Wird das im Grunde unwissenschaftliche Vorsorgeprinzip und -experiment [8] zur tragenden Bewertungs- und -entscheidungsmethode dann geraten deutsche öffentlich bestellte und vereidigte Sachverständige in ein Dilemma.

Nach bestem Wissen Tatsachen festzustellen und zu bewerten sollte für einen vereidigten Sachverständigen kein Problem sein.
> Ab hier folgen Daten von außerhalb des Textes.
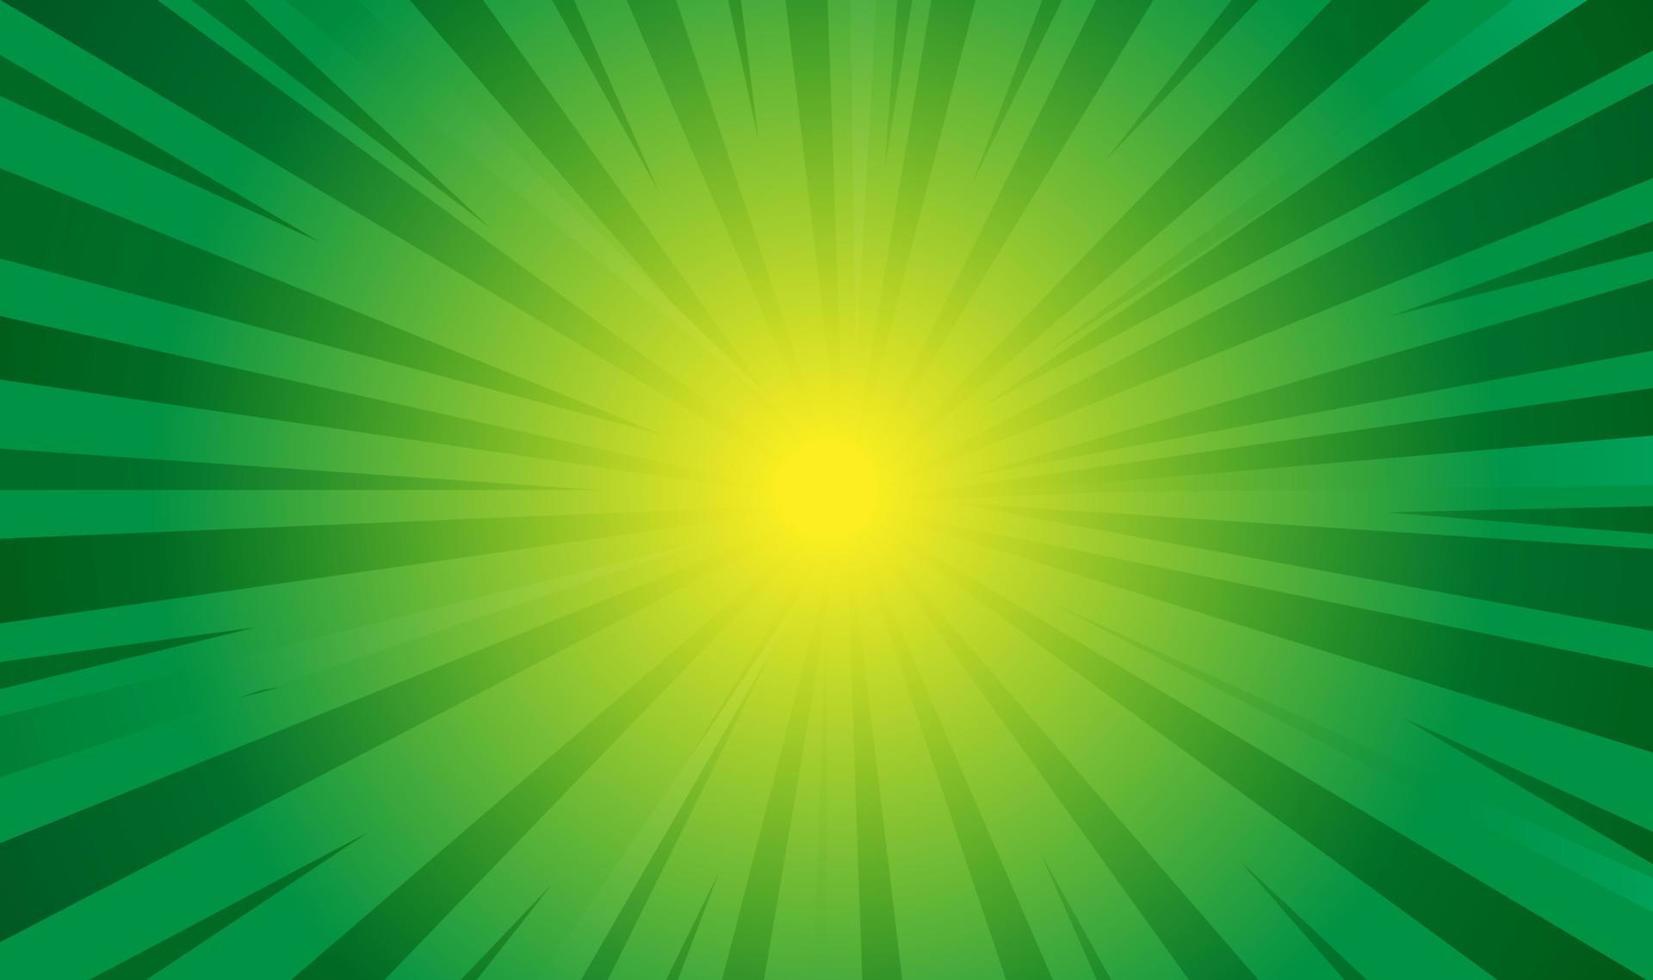 Green star burst background vector

Lautet aber der Schwur weiter, dass Gutachten zusätzlich nach bestem Gewissen zu erstellen sind, dann ist die Antwort auf die Frage interessant „Nach wessen Gewissen?“

„Das Gewissen (lateinisch conscientia, wörtlich „Mit-Wissen“) wird im Allgemeinen als eine besondere Instanz im menschlichen Bewusstsein angesehen, die sagt, wie man urteilen soll.“

Quelle: http://de.wikipedia.org/wiki/Gewissen

Die österreichische Eidesformel („Ich schwöre bei Gott, dem Allmächtigen und Allwissenden einen reinen Eid, dass ich die Gegenstände eines Augenscheins sorgfältig untersuchen, die gemachten Wahrnehmungen treu und vollständig angeben und den Befund und mein Gutachten nach bestem Wissen und Gewissen und nach den Regeln der Wissenschaft (der Kunst, des Gewerbes) angeben werde; so wahr mir Gott helfe!“ (Quelle: http://www.sachverstaendige.at/sr_sv_eid.html) ist dagegen durchdachter, denn sie zwingt technische Sachverständige ihre Gutachten zudem nach den Regeln der Wissenschaft zu erstellen.

Das führt aber regelmäßig zu Kollisionen in den Fällen, in denen Regulatorien auf dem ideologischen Vorsorgeprinzip beruhen – sofern es nicht im Einzelfall zusätzlich wissenschaftlich nach [8] begründet wurde und erst damit akzeptabel wird.

[8] Hans Jonas
Das Prinzip Verantwortung:
Versuch einer Ethik für die technologische Zivilisation.